A few people attributed my actions to their god or one of his angels, but that wasn't new. I'd heard that sort of thing before and it always amused me to think of humans praying to their god to give thanks for the work of a demon.


As for Katherine, she would retain the memories of her life as a man named Jim, including the lessons she learned at the end. She would also have access to some of the original Katherine's memories as well, but those were incomplete. Unfortunately many of them were lost due to the damage received in the accident. 


She would likely spend the next few weeks in casts and bandages, and perhaps some time in rehab or therapy. Physically she should make a complete recovery. How she did mentally was up to her, but I had a feeling she'd take my words to heart. She'd make the most of her second chance and be a better person going forward.


Finally, I made myself a promise that I'd never again let myself get into a position where I felt sorry for my food. Never again would I take it upon myself to torment or punish them for their misdeeds. I'd make it as quick, painless, and merciful as I could. It even crossed my mind that perhaps my progeny was right all along. Maybe we didn't need to kill humans after all, if we could gain sustenance in other ways.

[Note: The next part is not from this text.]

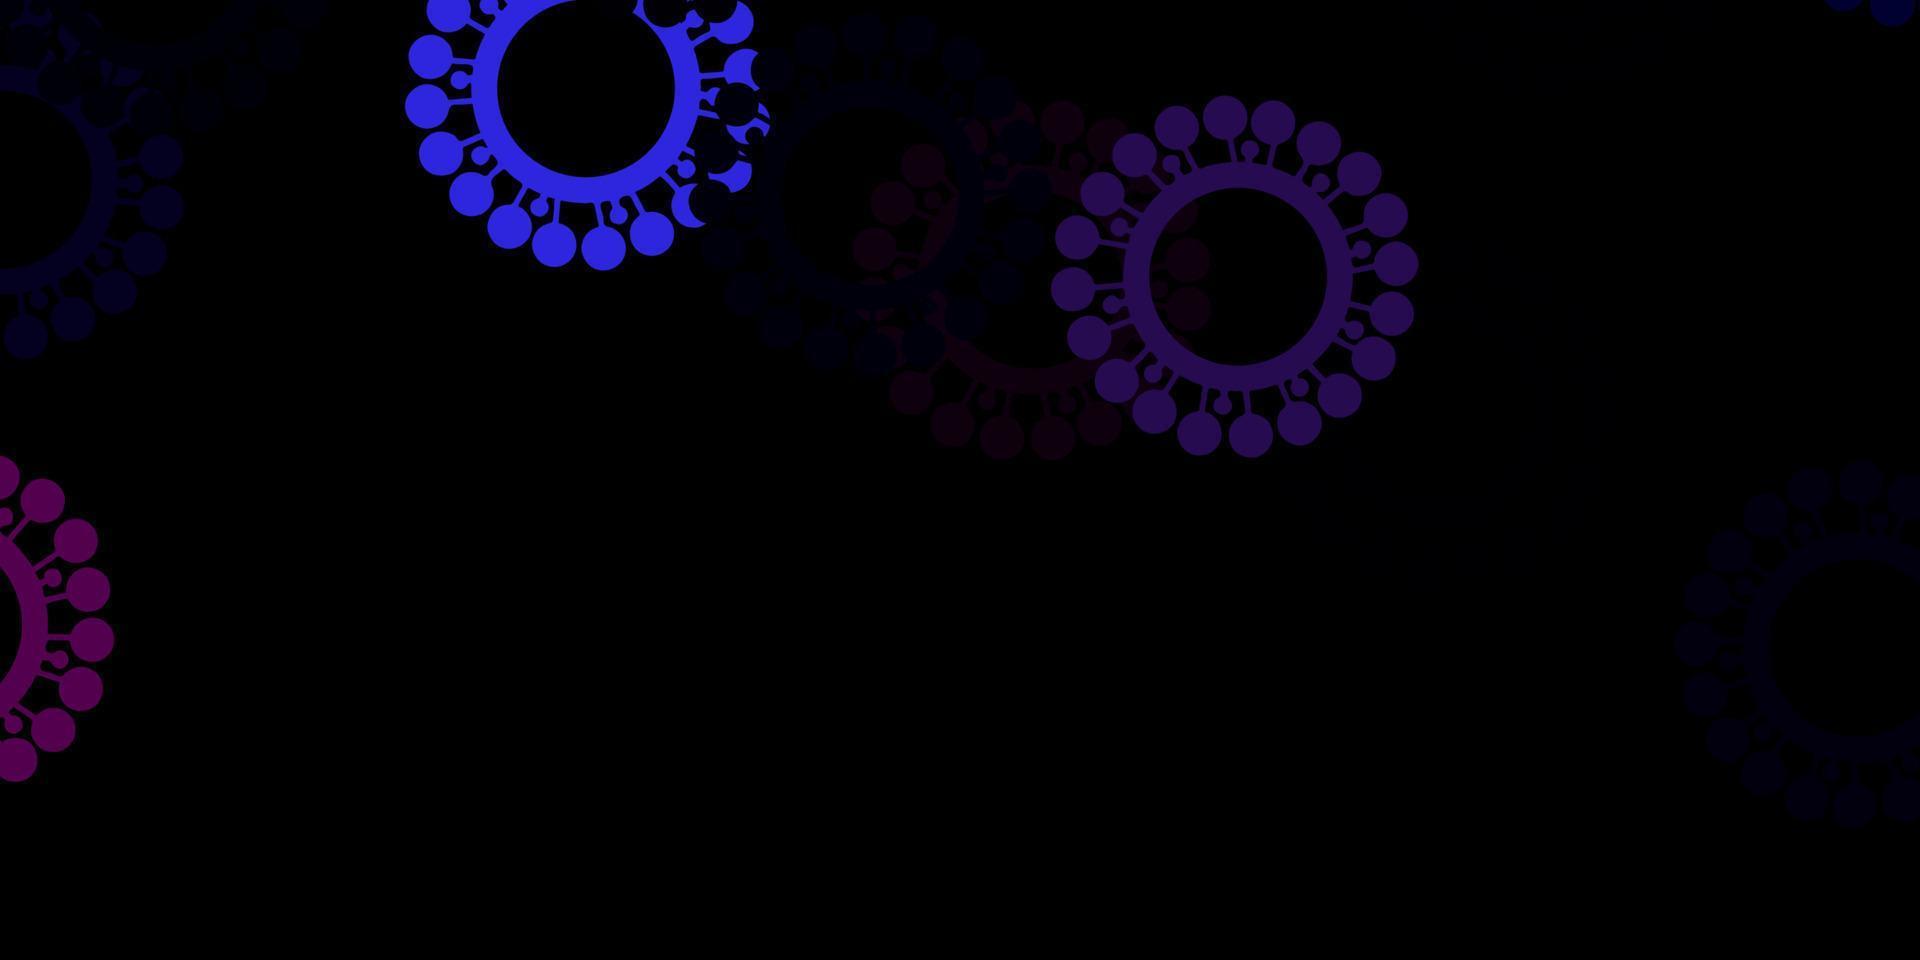 toile de fond de vecteur rose et bleu foncé avec des symboles de virus.
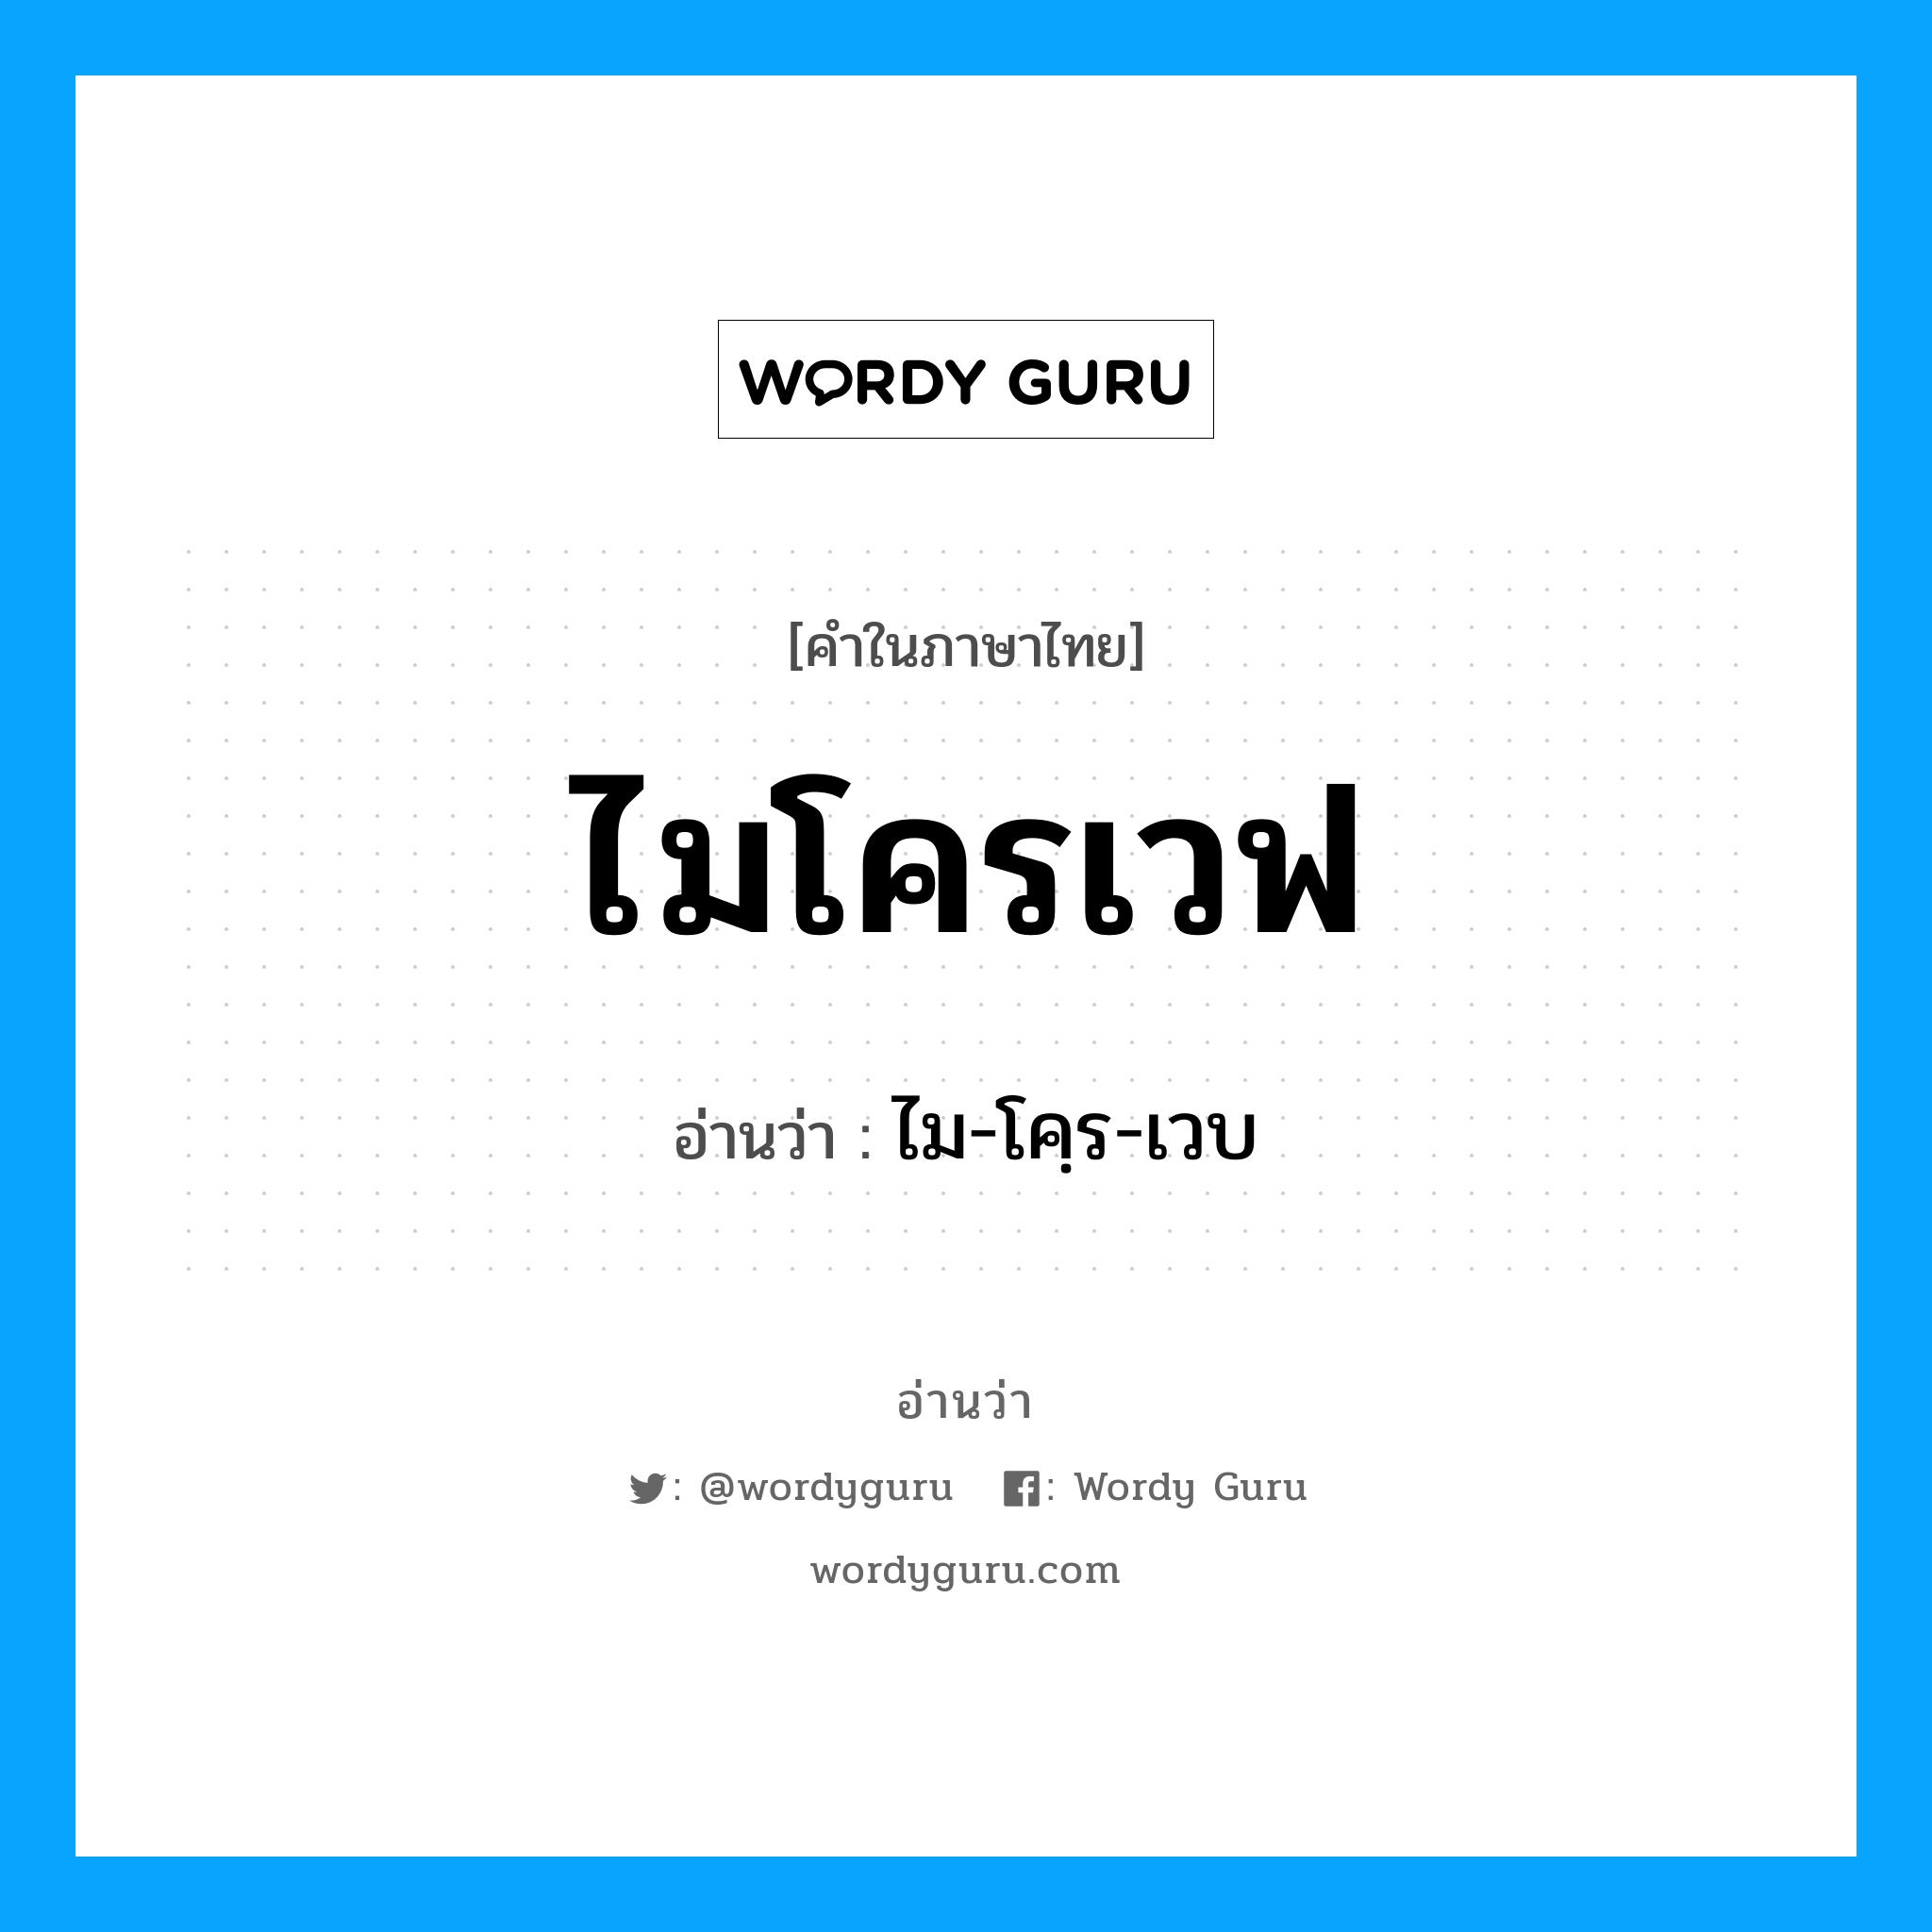 ไม-โคฺร-เวบ เป็นคำอ่านของคำไหน?, คำในภาษาไทย ไม-โคฺร-เวบ อ่านว่า ไมโครเวฟ

I also promised myself to keep this whole mess secret. I knew I'd never hear the end of it, if Mara ever found out what I'd done tonight.

Comments

Day Dreamer

Lovely weaving together of so many past threads, plus new revelations. So good, I read it twice immediately. :-)

Ralph

I think the one that’s left should sulfur with trying to change into a transgirl !

LexiKitten

Nae. Lily already decided that she won't turn culprits into victims. No revenge, no making them suffer and herself feel bad. Just plain, clean, fast devouring and making it look like an accident or suicide.